◆ Required work:
Produce a word-for-word copy of the listing below without its pictures.

◆ Dataset excerpt:
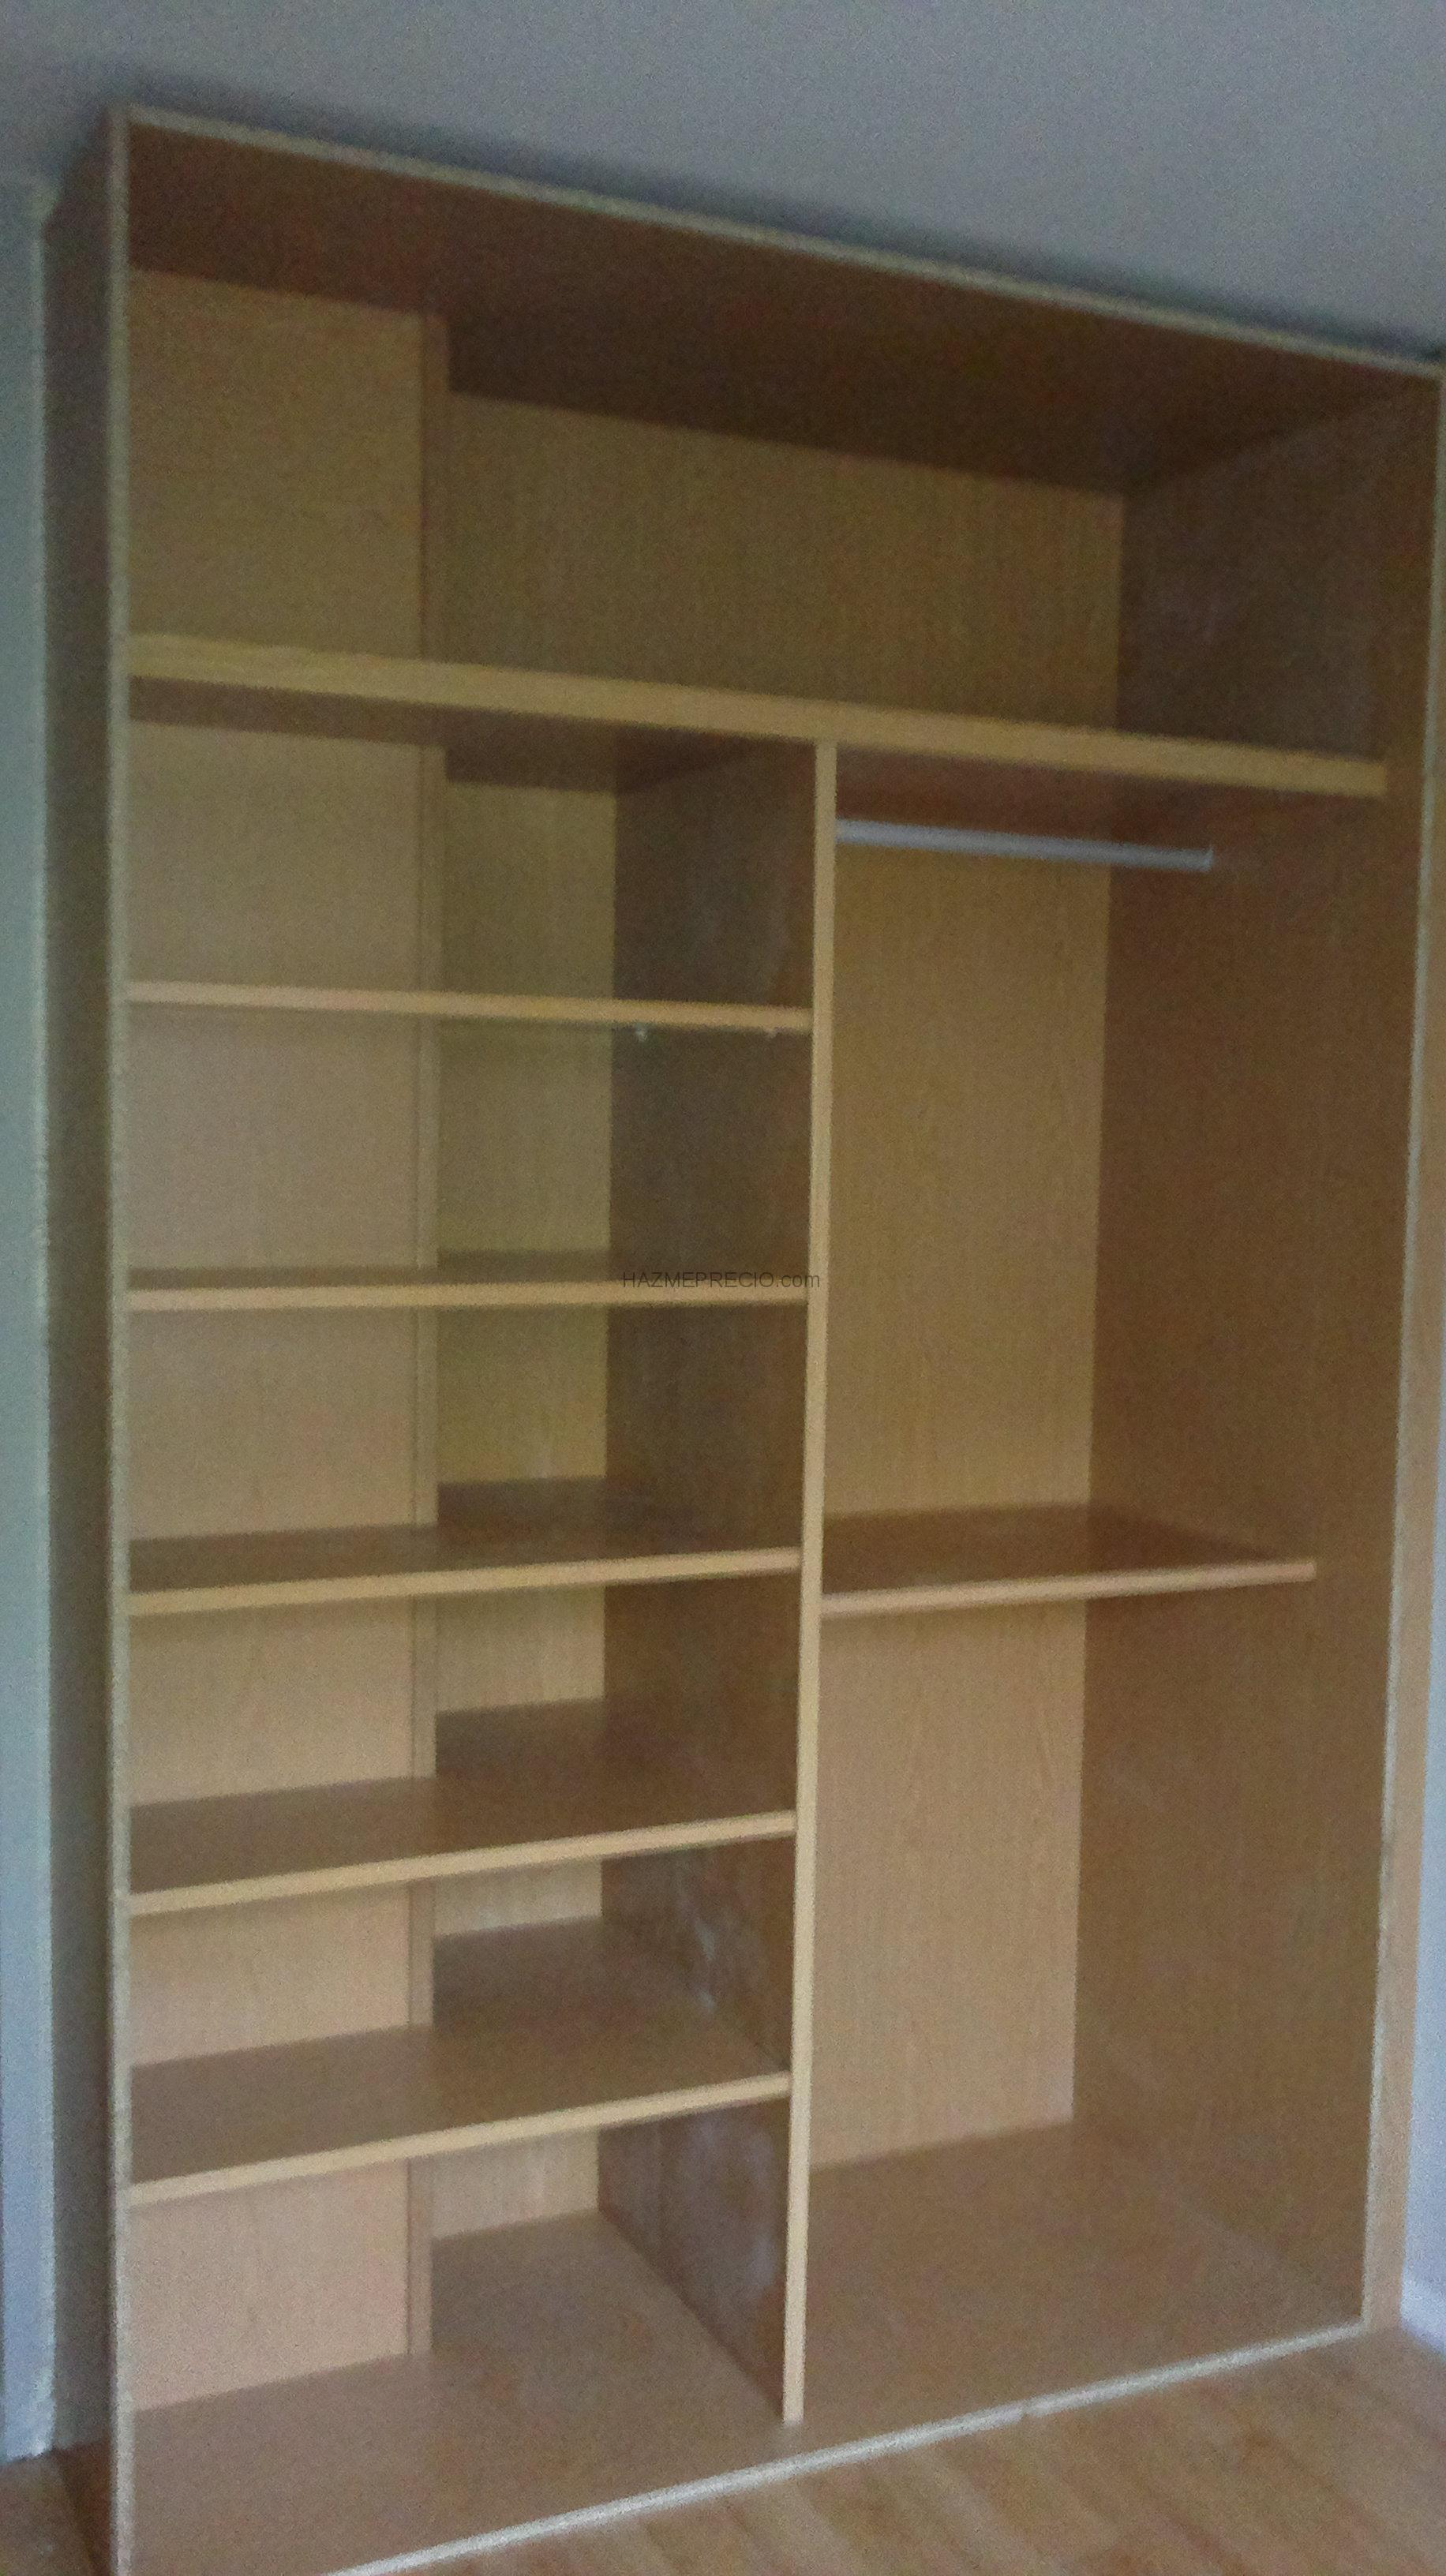 Presupuesto para hacer armario empotrado pladur - Revestir armario empotrado ...
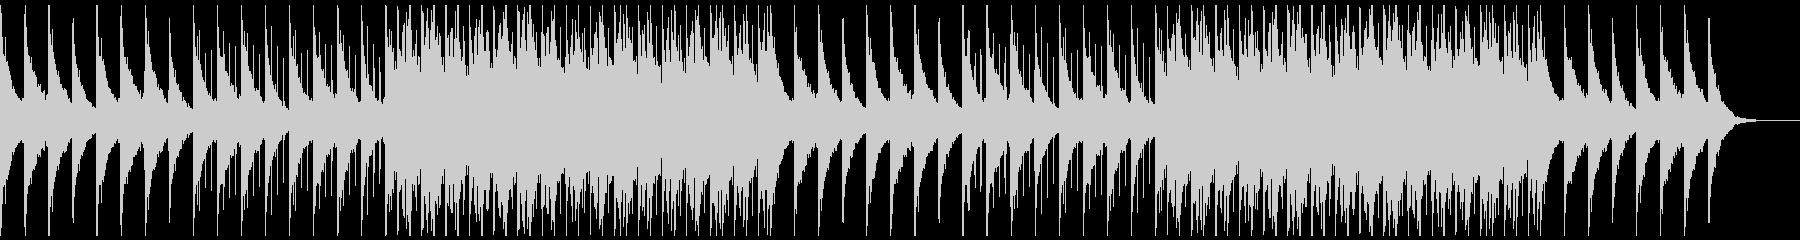 ピアノ・ストリングス・企業VP 1の未再生の波形
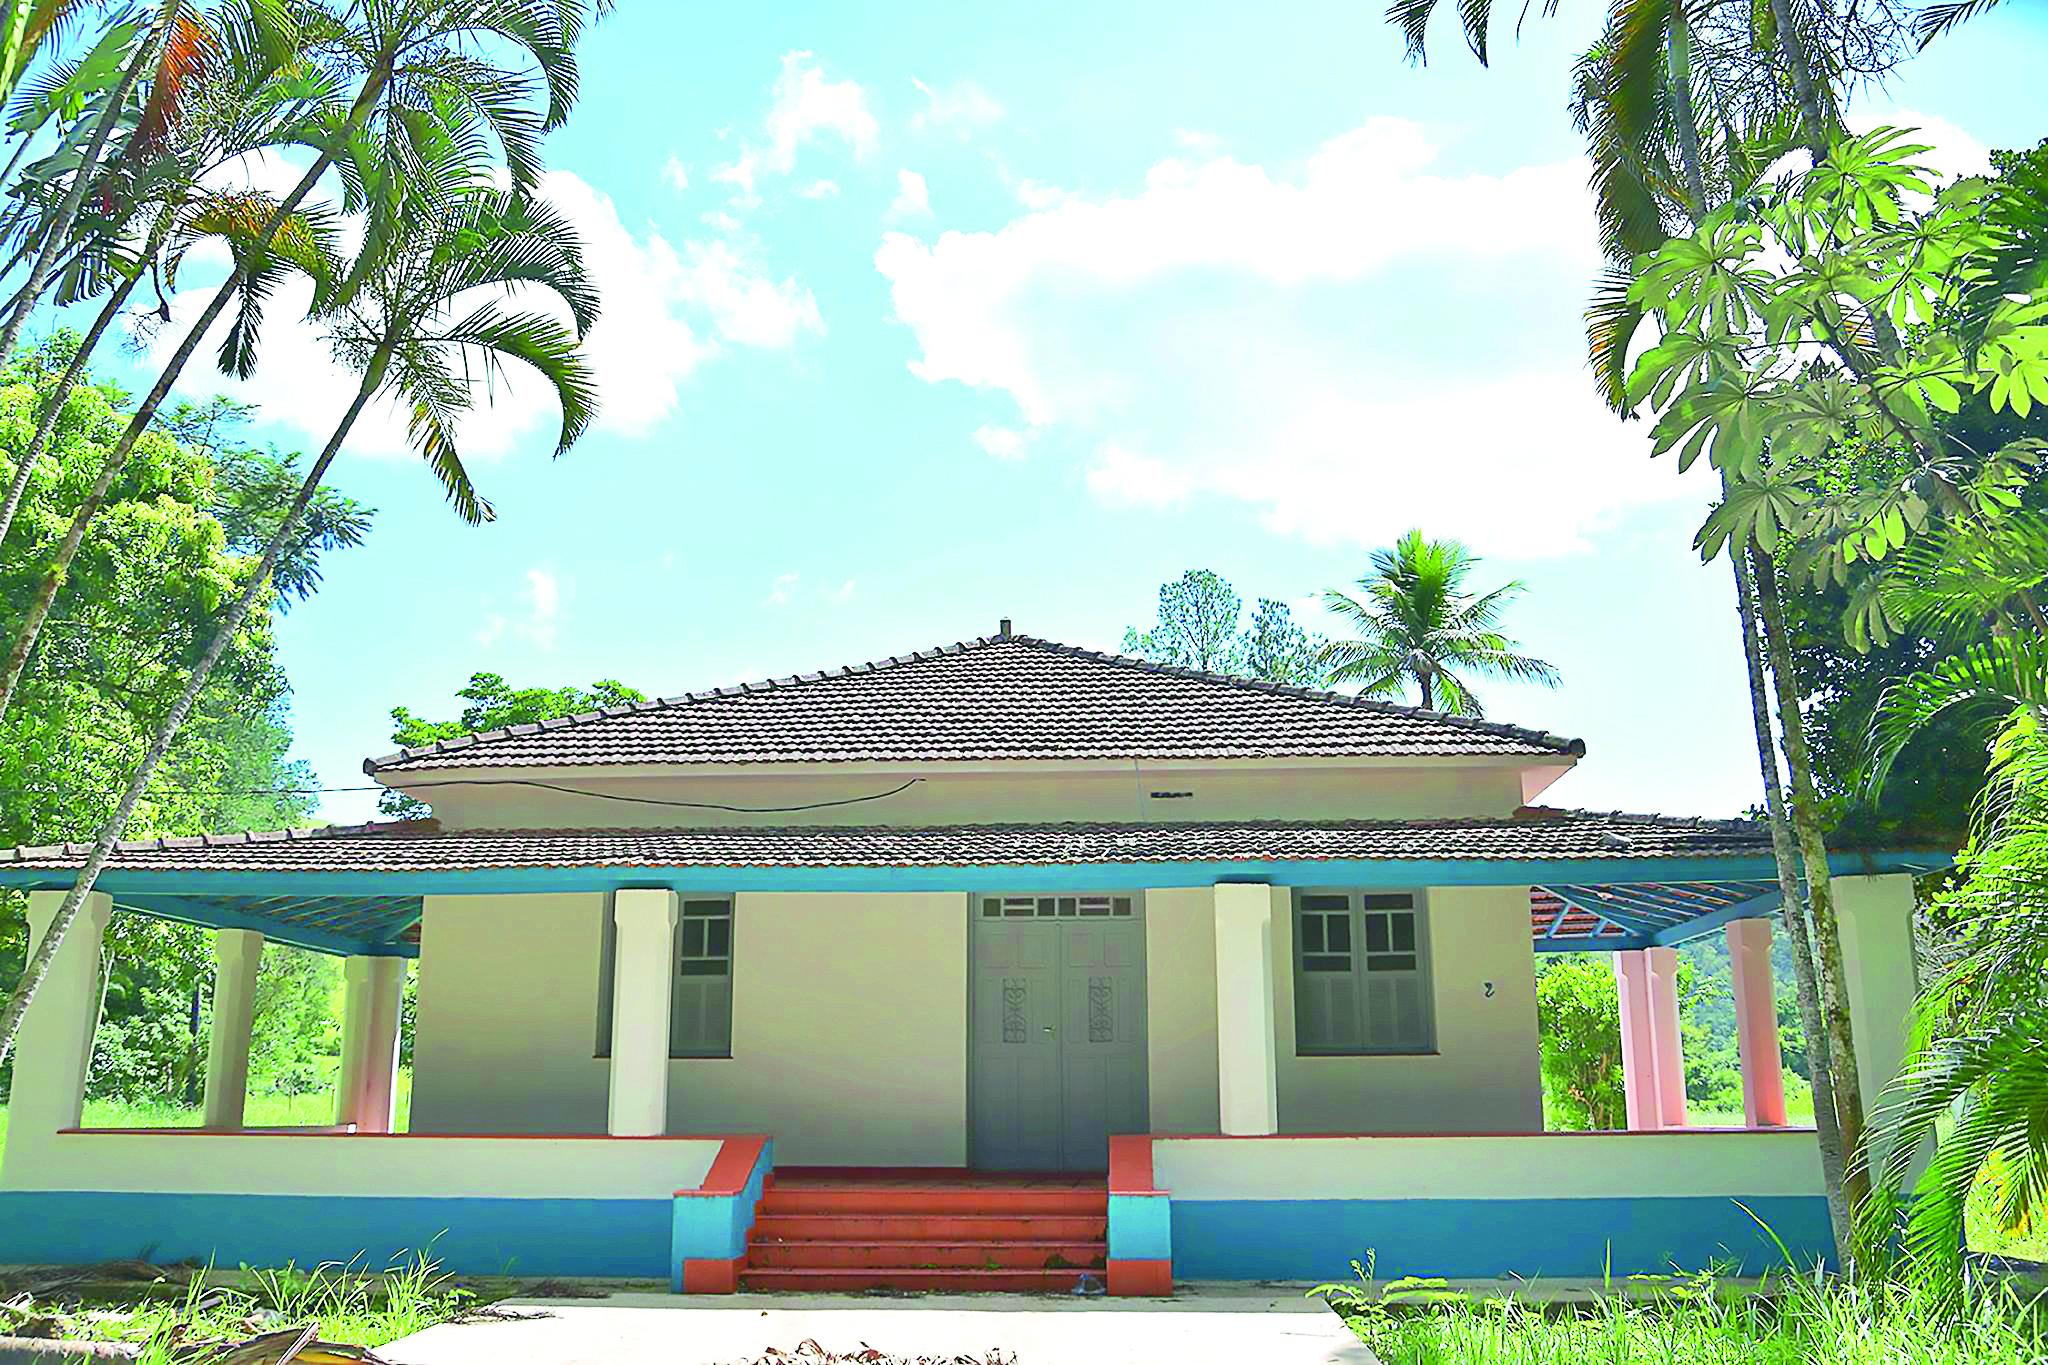 A antiga sede da fazenda do DAEE, que passou por completa reforma pela prefeitura e que funcionará como centro educacional (Assessoria)

◆ Solved problem:
 Presupuesto para hacer armario empotrado pladur - Revestir armario empotrado ...
 ピアノ・ストリングス・企業VP 1の未再生の波形
 A antiga sede da fazenda do DAEE, que passou por completa reforma pela prefeitura e que funcionará como centro educacional (Assessoria)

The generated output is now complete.